The state of oligomerization of macrophage migration inhibitory factor (MIF, also known as glycosylation inhibiting factor, GIF) in solution has been variously reported as monomer, dimer, trimer, or mixtures of all three. Several crystal structures show MIF to be a trimer. Sedimentation velocity shows a recombinant human MIF sample is quite homogeneous, with 98% as a species with s(20,w)=3.07 S and D(20,w)=8.29 x 10(-7) cm(2)/s. Using the partial specific volume calculated from the amino acid composition these values imply a mass of 33.56 kDa, well above that of dimer, but also 9% below the trimer mass of 37.035 kDa. Sedimentation equilibrium data at loading concentrations from 0.01 to 1 mg/ml show unequivocally that the self-association is extremely tight. However, the apparent mass is 33.53 kDa [95% confidence 33.25-33.82], again 9% below that expected for 100% trimer. To examine the possibility this protein has an unusual partial specific volume, sedimentation equilibrium was also done in H(2)O/D(2)O mixtures, giving 0.765+/-0.017 ml/g rather than the calculated 0.735 ml/g. With this revised partial specific volume, the equilibrium and velocity data each give M=37.9+/-2.8 kDa, fully consistent with a strongly-associated trimeric quaternary structure.

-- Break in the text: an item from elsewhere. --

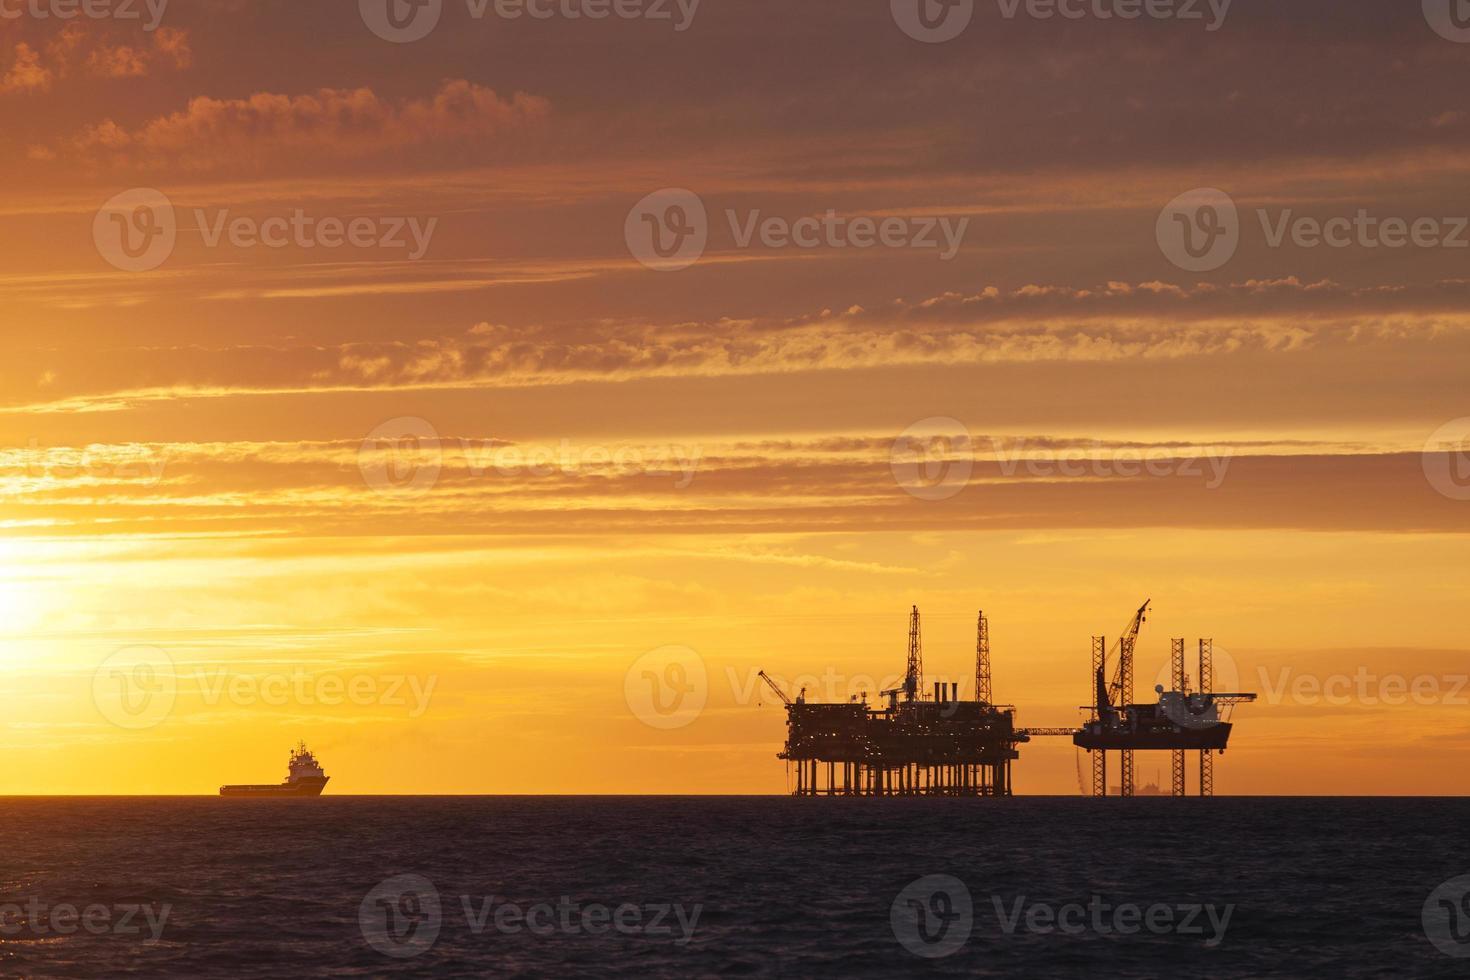 nave di rifornimento che si avvicina alla piattaforma petrolifera foto

巨噬细胞迁移抑制因子(MIF,也称为糖基化抑制因子,GIF)在溶液中的寡聚化状态有多种报道,分别为单体、二聚体、三聚体或这三种形式的混合物。几个晶体结构显示MIF为三聚体。沉降速度表明重组人MIF样品相当均一,98%为s(20,w)=3.07 S和D(20,w)=8.29×10(-7) cm(2)/s的一种形式。根据氨基酸组成计算出的偏比容,这些值意味着质量为33.56 kDa,远高于二聚体的质量,但也比三聚体质量37.035 kDa低9%。在0.01至1 mg/ml的加载浓度下的沉降平衡数据明确显示自缔合非常紧密。然而,表观质量为33.53 kDa [95%置信区间为33.25 - 33.82],同样比100%三聚体预期的质量低9%。为了研究这种蛋白质是否具有异常的偏比容,还在H(2)O/D(2)O混合物中进行了沉降平衡实验,得到的结果是0.765±0.017 ml/g,而不是计算出的0.735 ml/g。采用这个修正后的偏比容,平衡和速度数据各自给出M = 37.9±2.8 kDa,与强缔合的三聚体四级结构完全一致。